[[ Material provided, beginning ]]

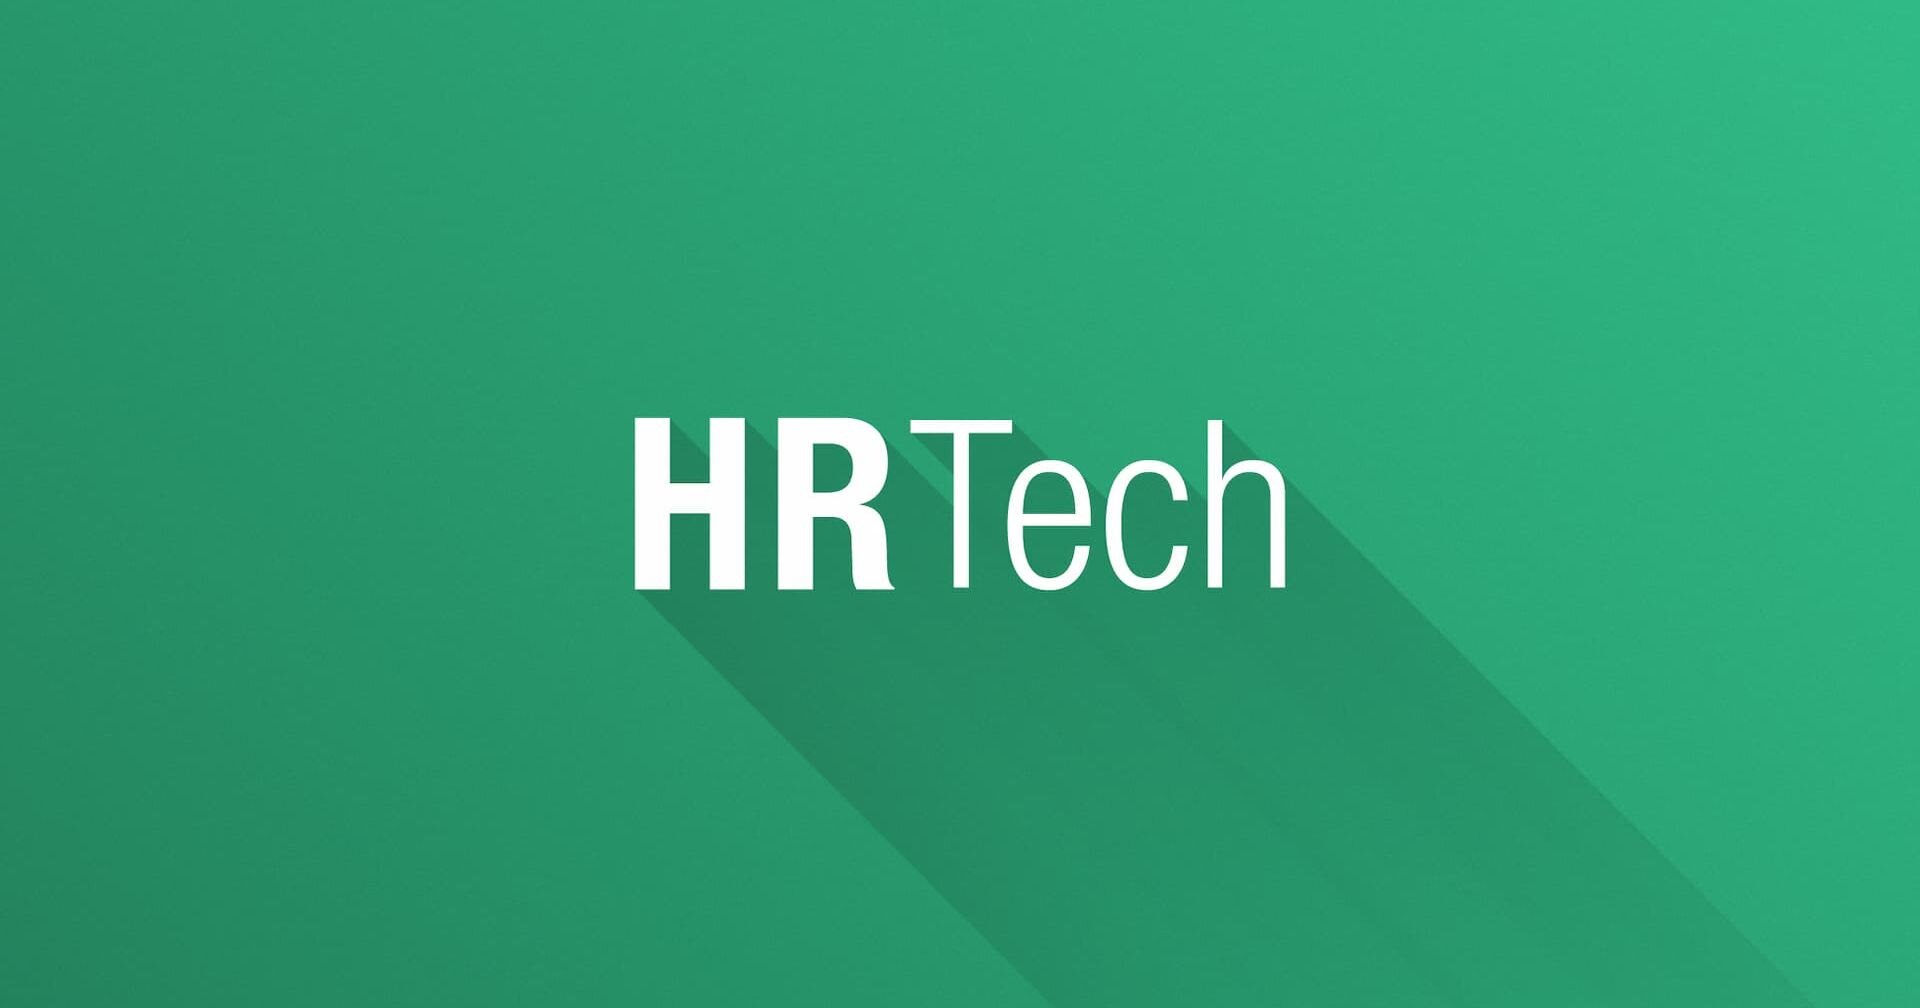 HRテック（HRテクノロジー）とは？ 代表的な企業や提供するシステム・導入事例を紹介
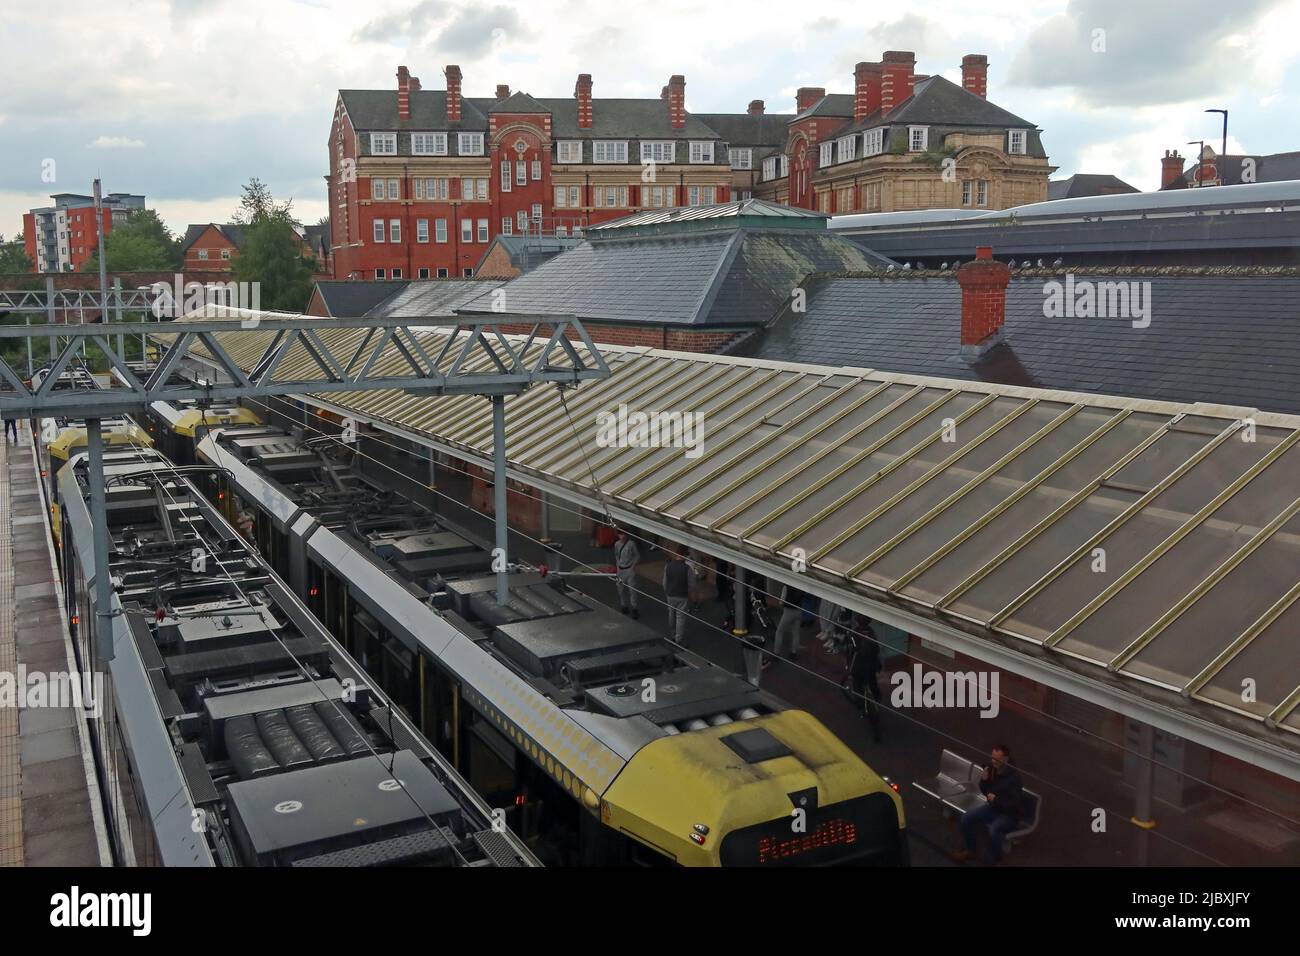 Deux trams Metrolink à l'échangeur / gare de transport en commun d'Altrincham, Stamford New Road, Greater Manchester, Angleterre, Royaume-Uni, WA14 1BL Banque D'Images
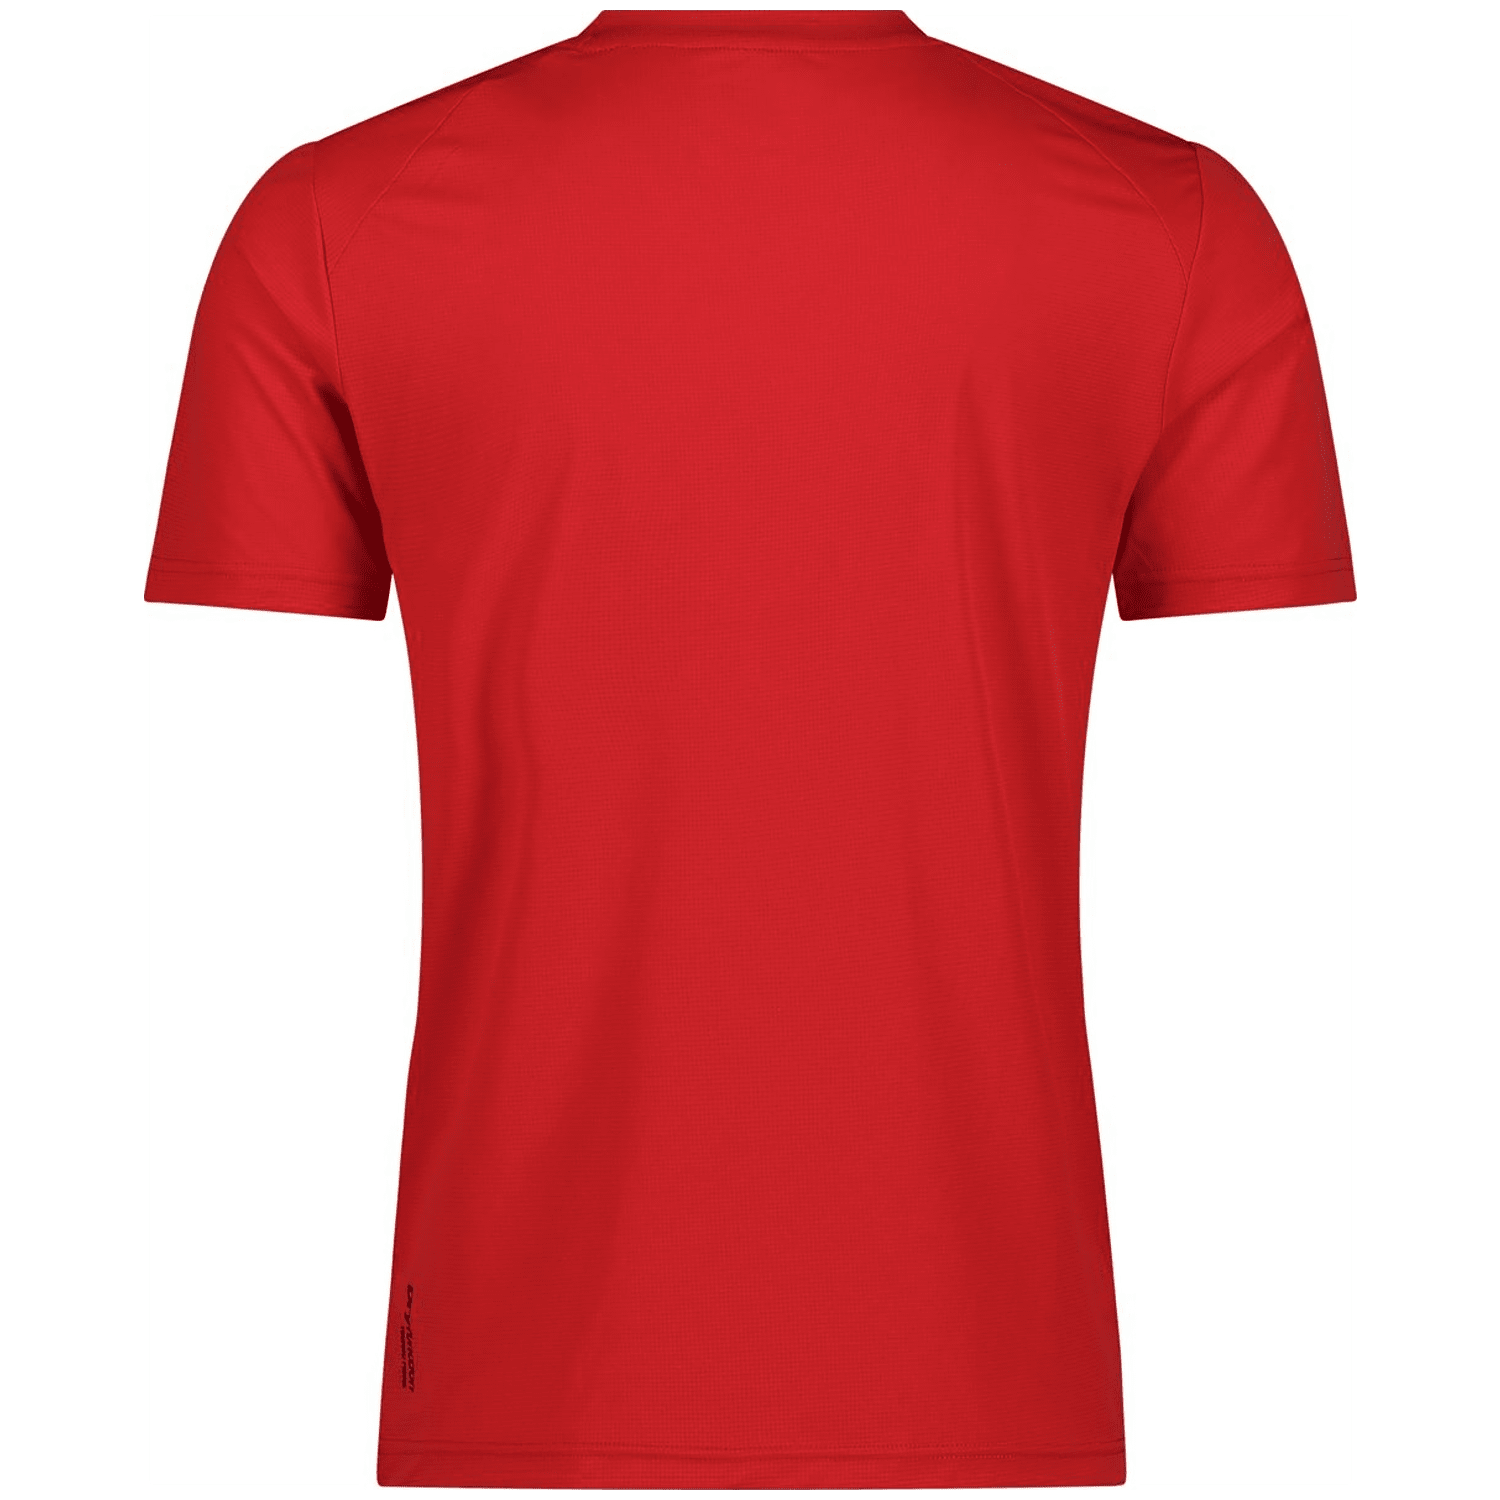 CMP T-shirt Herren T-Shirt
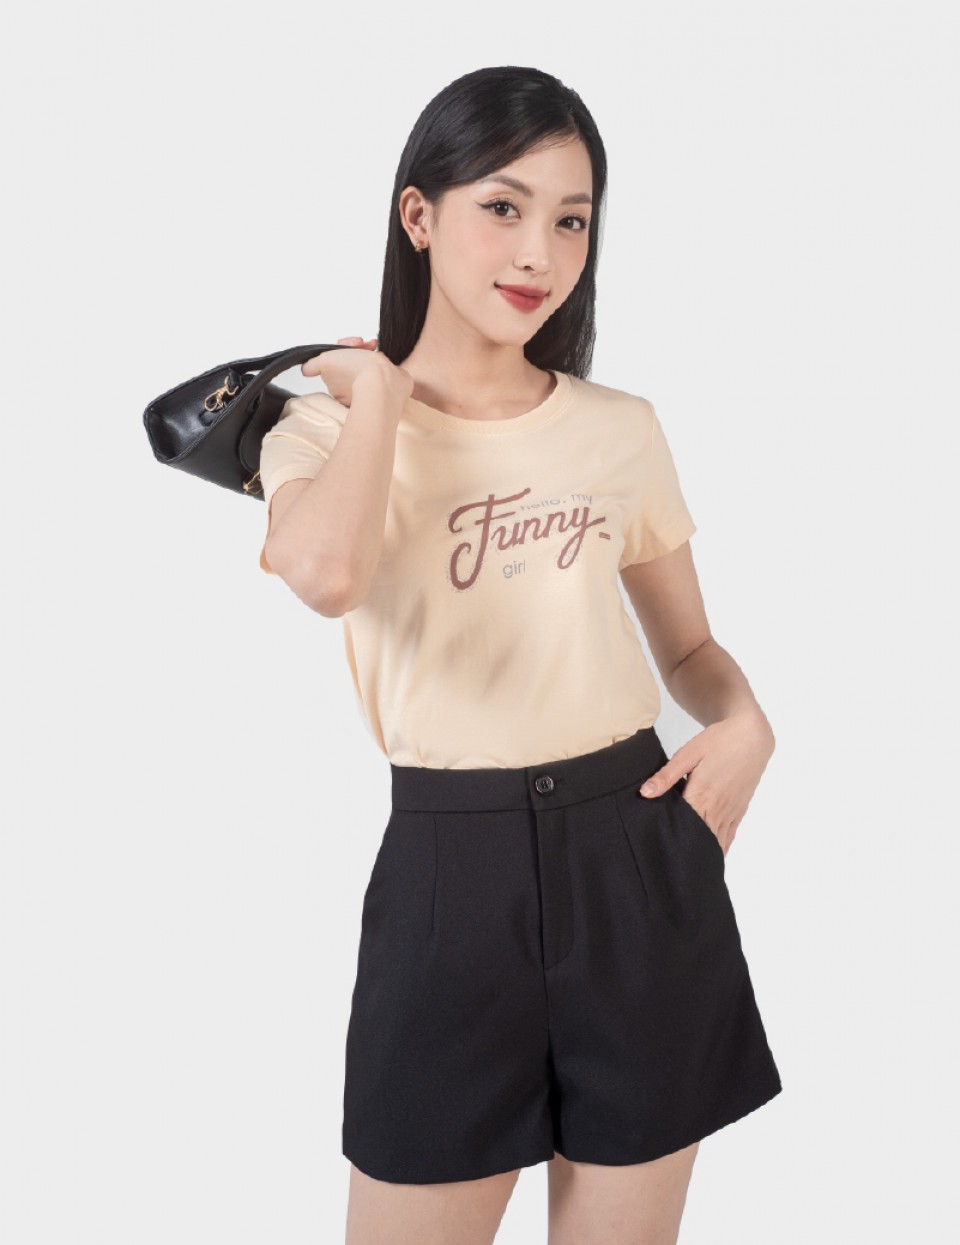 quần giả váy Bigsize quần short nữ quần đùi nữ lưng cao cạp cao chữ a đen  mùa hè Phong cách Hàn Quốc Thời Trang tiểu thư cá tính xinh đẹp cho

[[ Material provided, end ]]

◆ Exercise objective
Write out exactly the lines between the start of the data and the line with "CMP T-shirt Herren T-Shirt", including both, but none of the pictures.

◆ Solved problem
 HRテック（HRテクノロジー）とは？ 代表的な企業や提供するシステム・導入事例を紹介
 Deux trams Metrolink à l'échangeur / gare de transport en commun d'Altrincham, Stamford New Road, Greater Manchester, Angleterre, Royaume-Uni, WA14 1BL Banque D'Images
 CMP T-shirt Herren T-Shirt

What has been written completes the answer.